RECORDS FOR THIS TASK |
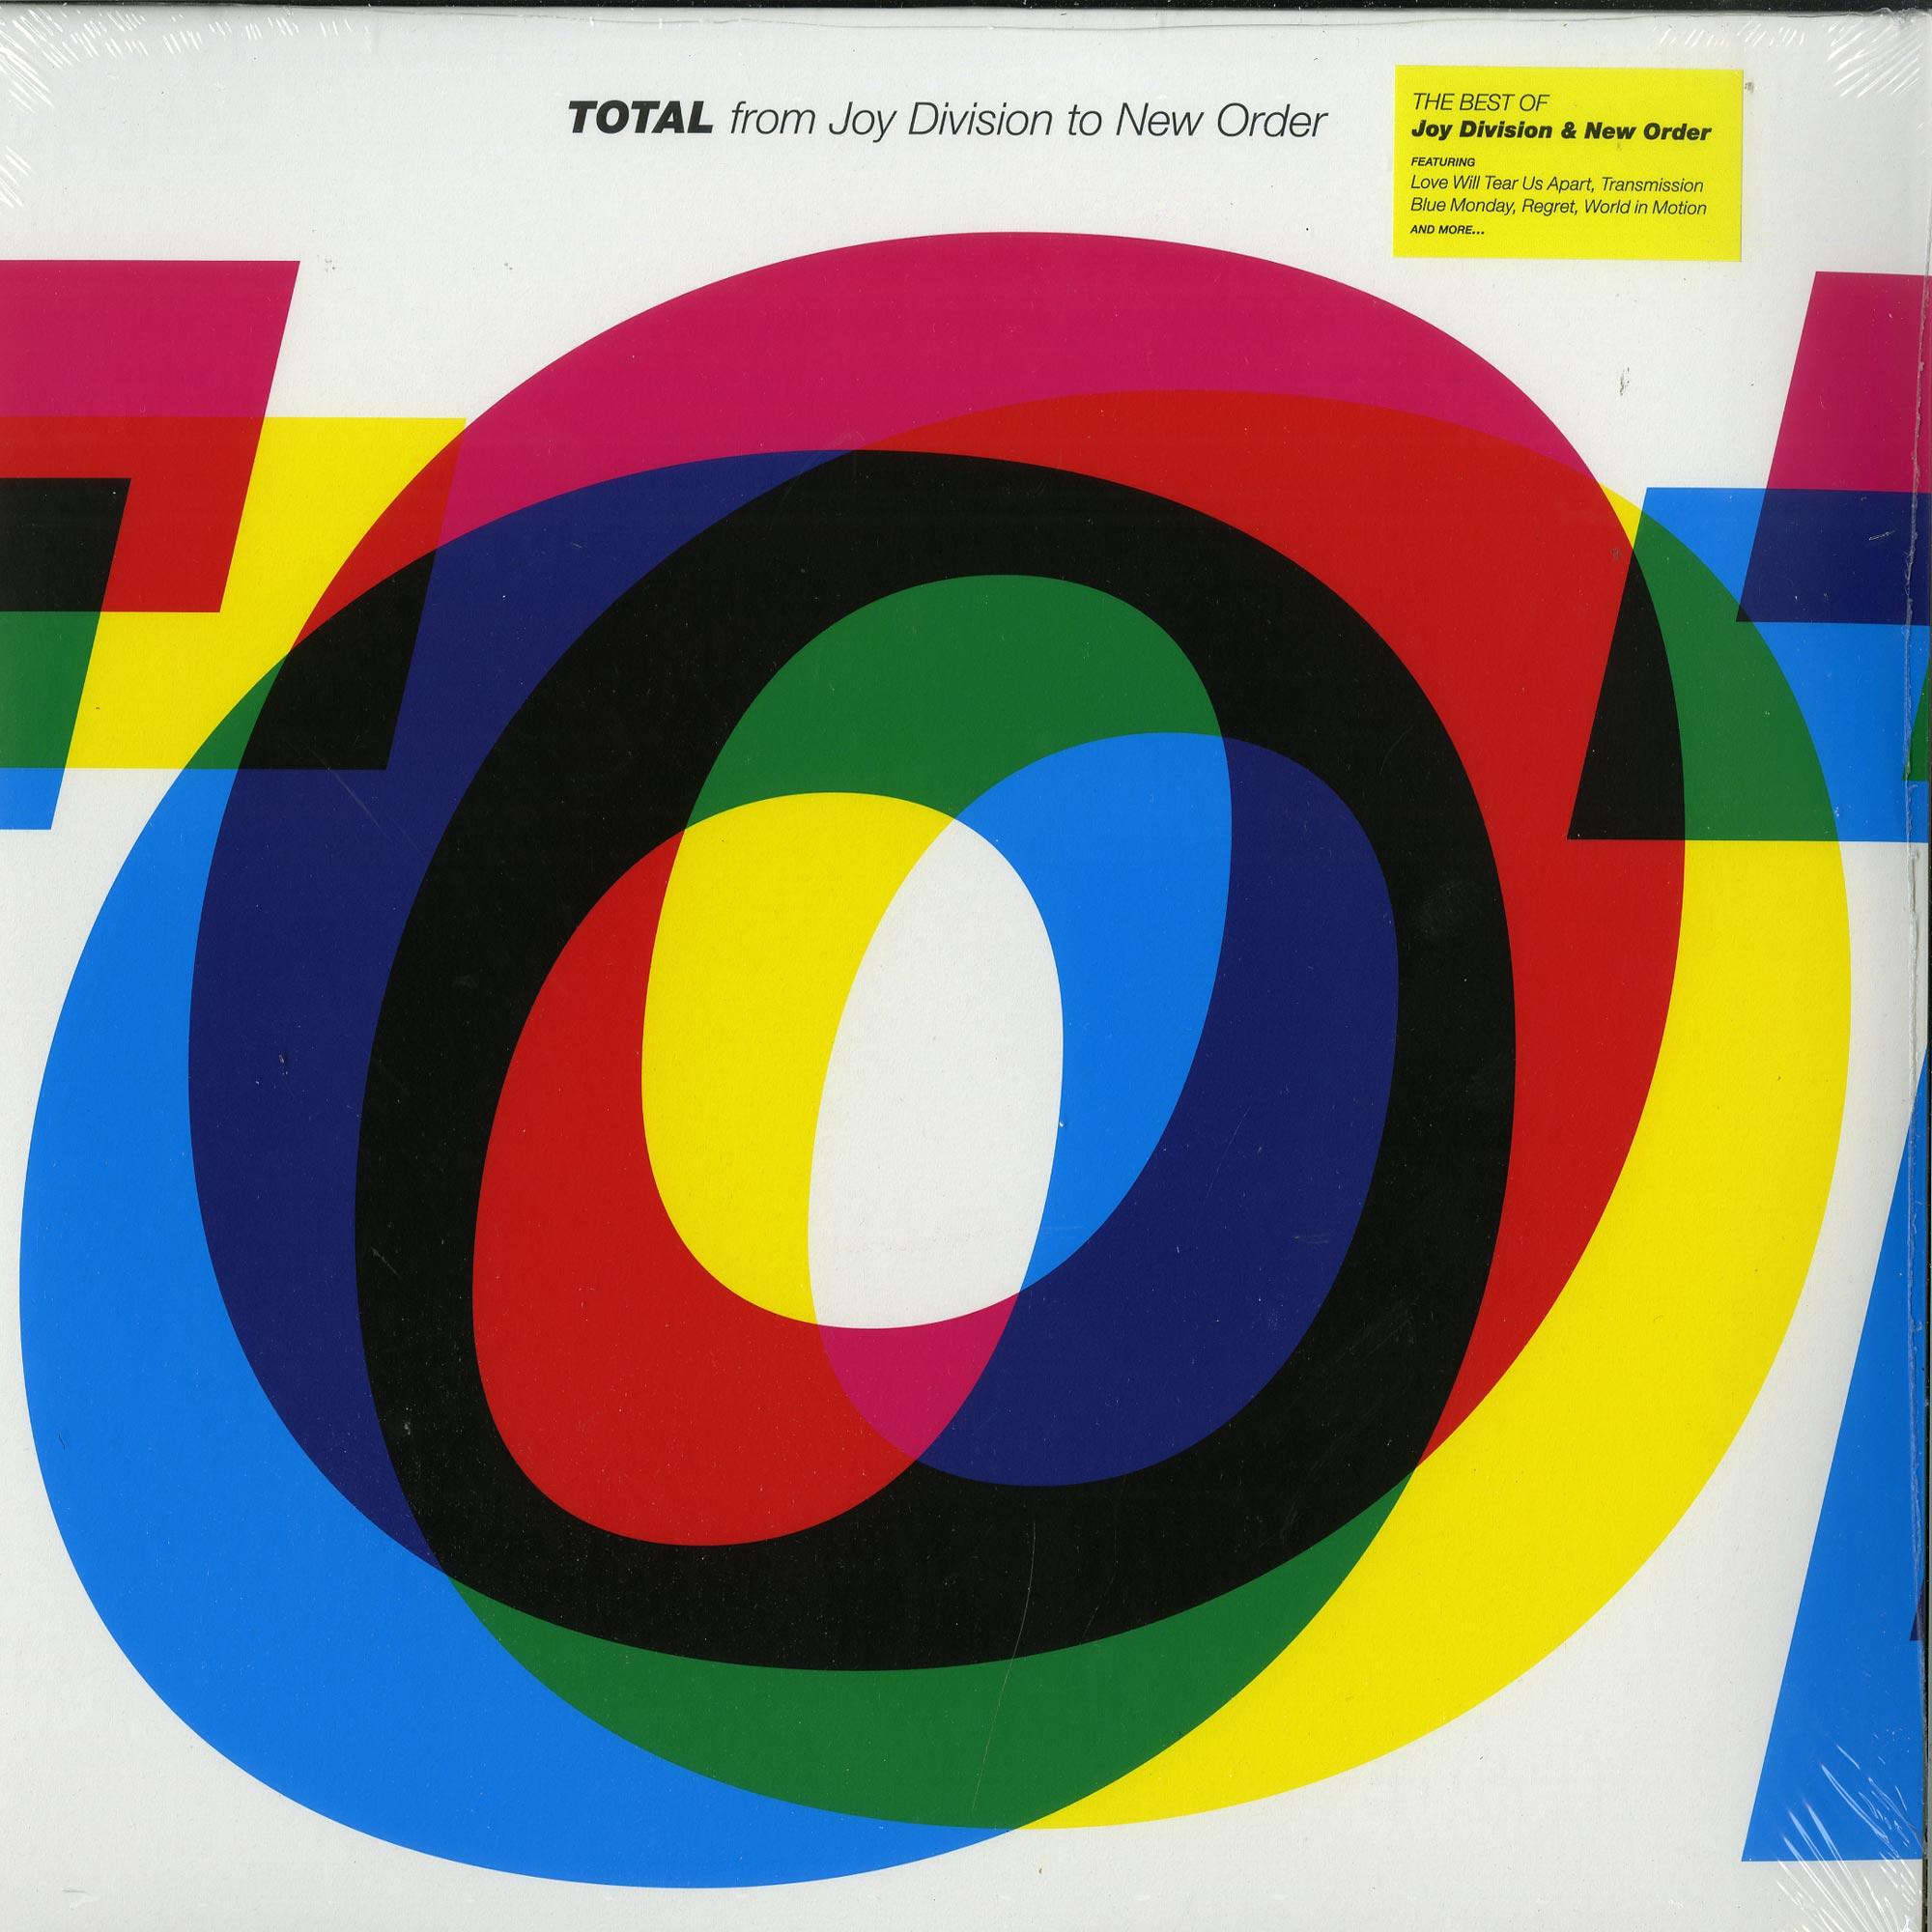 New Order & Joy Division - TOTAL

* * *

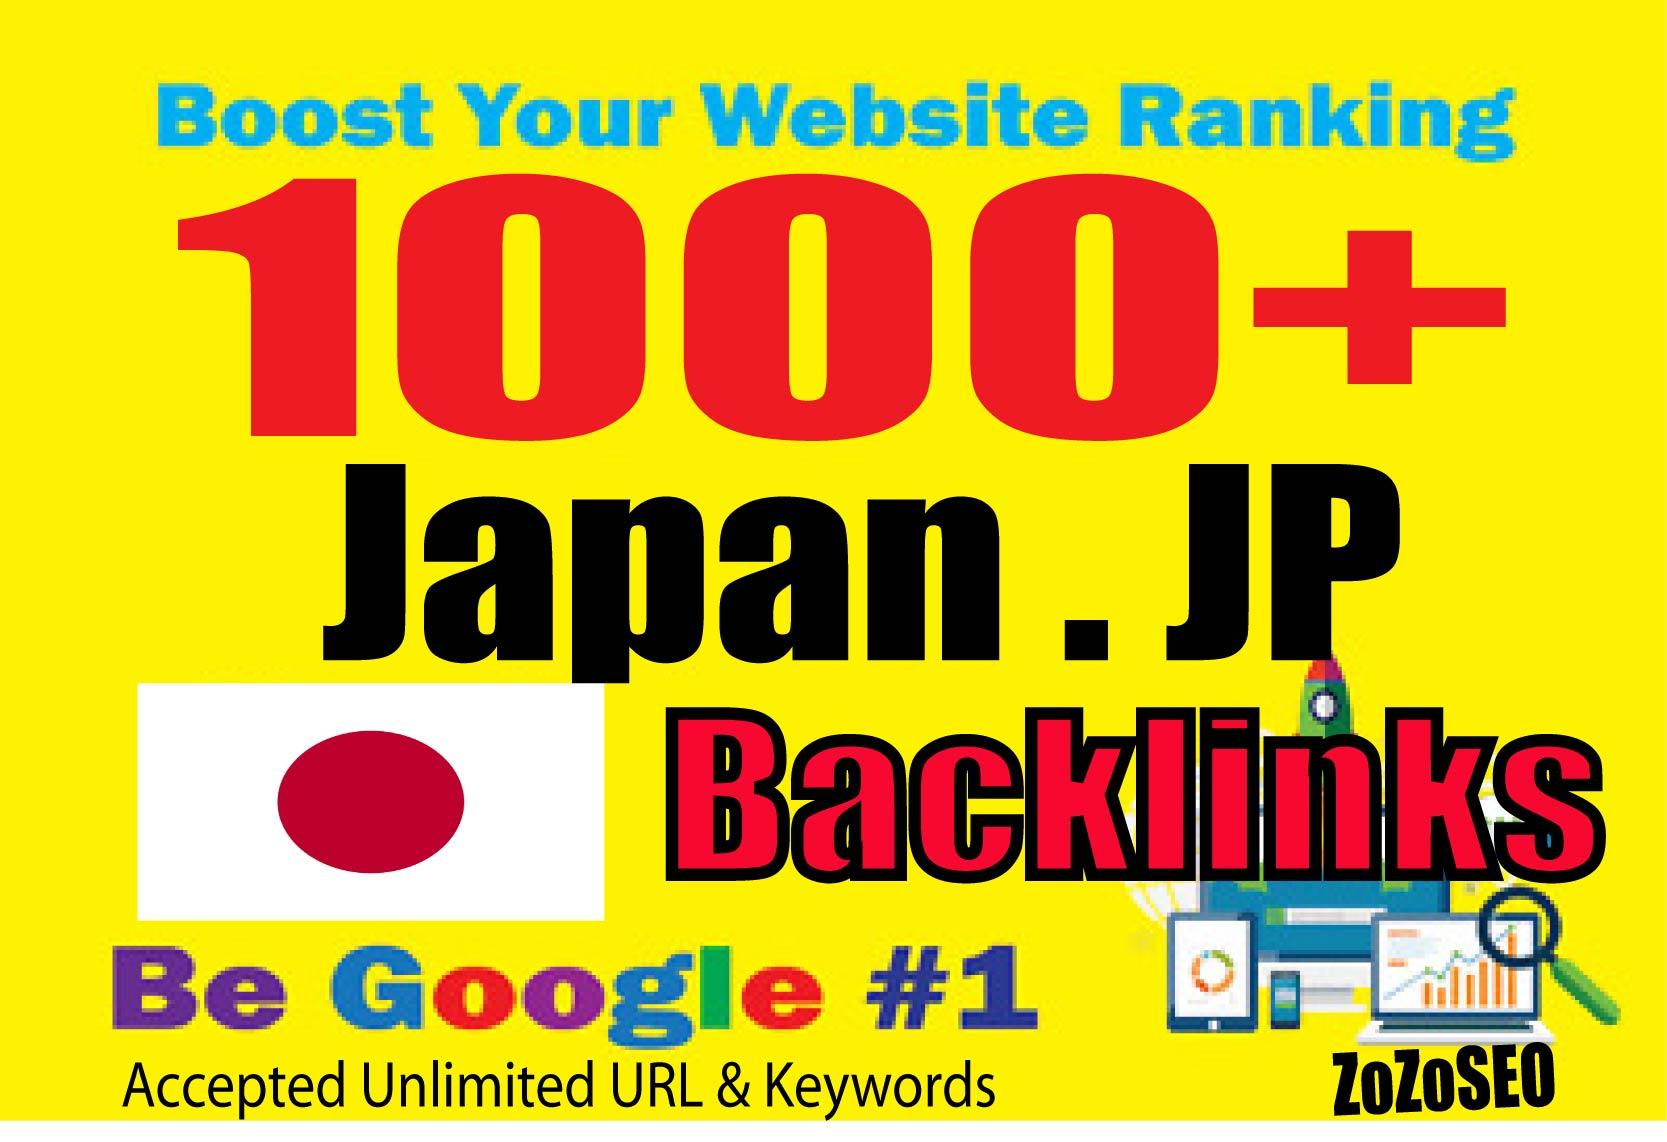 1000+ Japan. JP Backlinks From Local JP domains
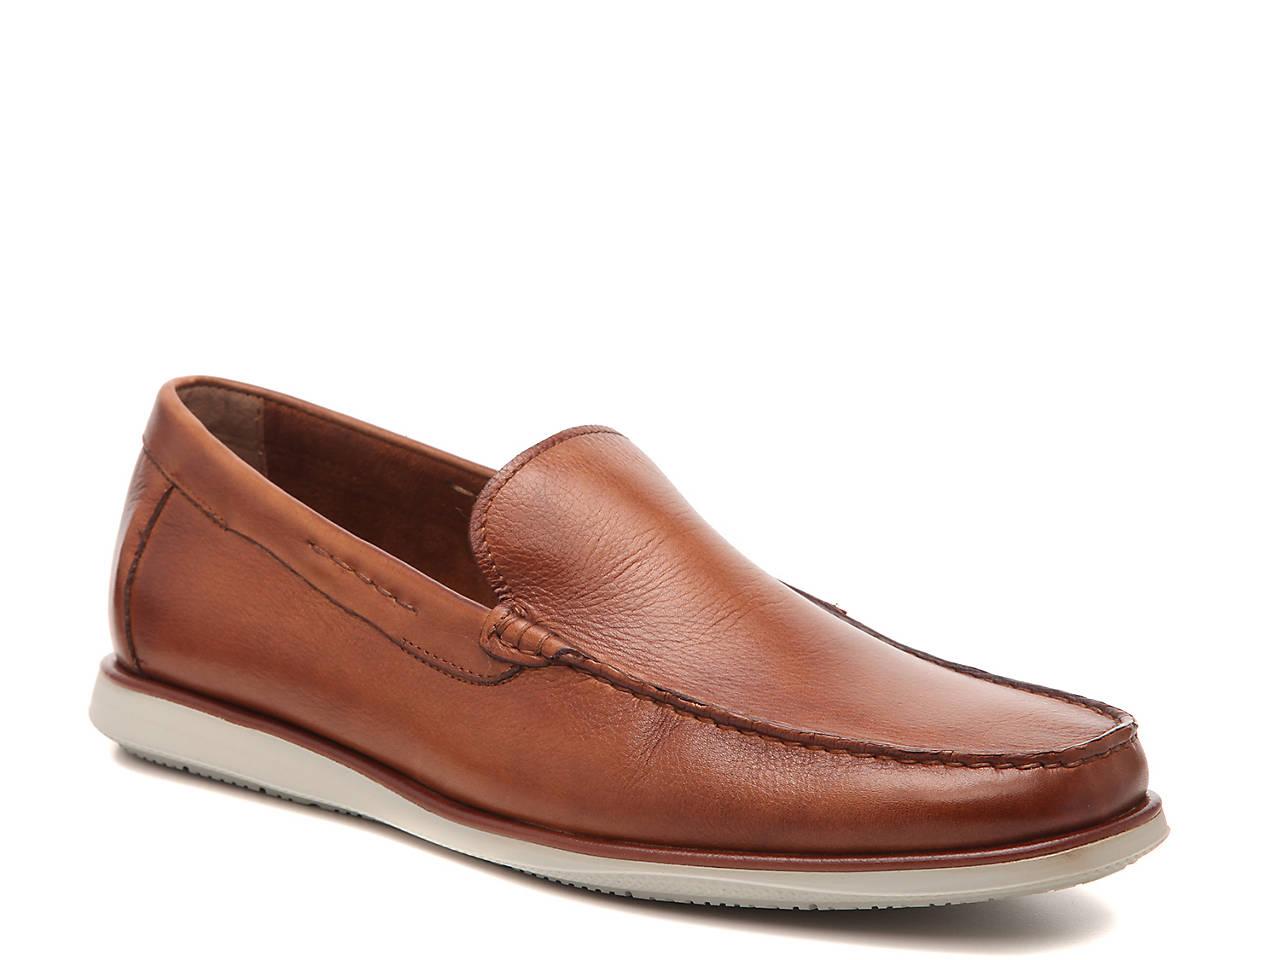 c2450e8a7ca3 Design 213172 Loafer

WORK TASK |
Leaving out each picture, repeat exactly the lines above from the one that contains "1000+ Japan. JP" through the one that contains "c2450e8a7ca3 Design 213172 Loafer".

EXPECTED OUTPUT |
 1000+ Japan. JP Backlinks From Local JP domains
 c2450e8a7ca3 Design 213172 Loafer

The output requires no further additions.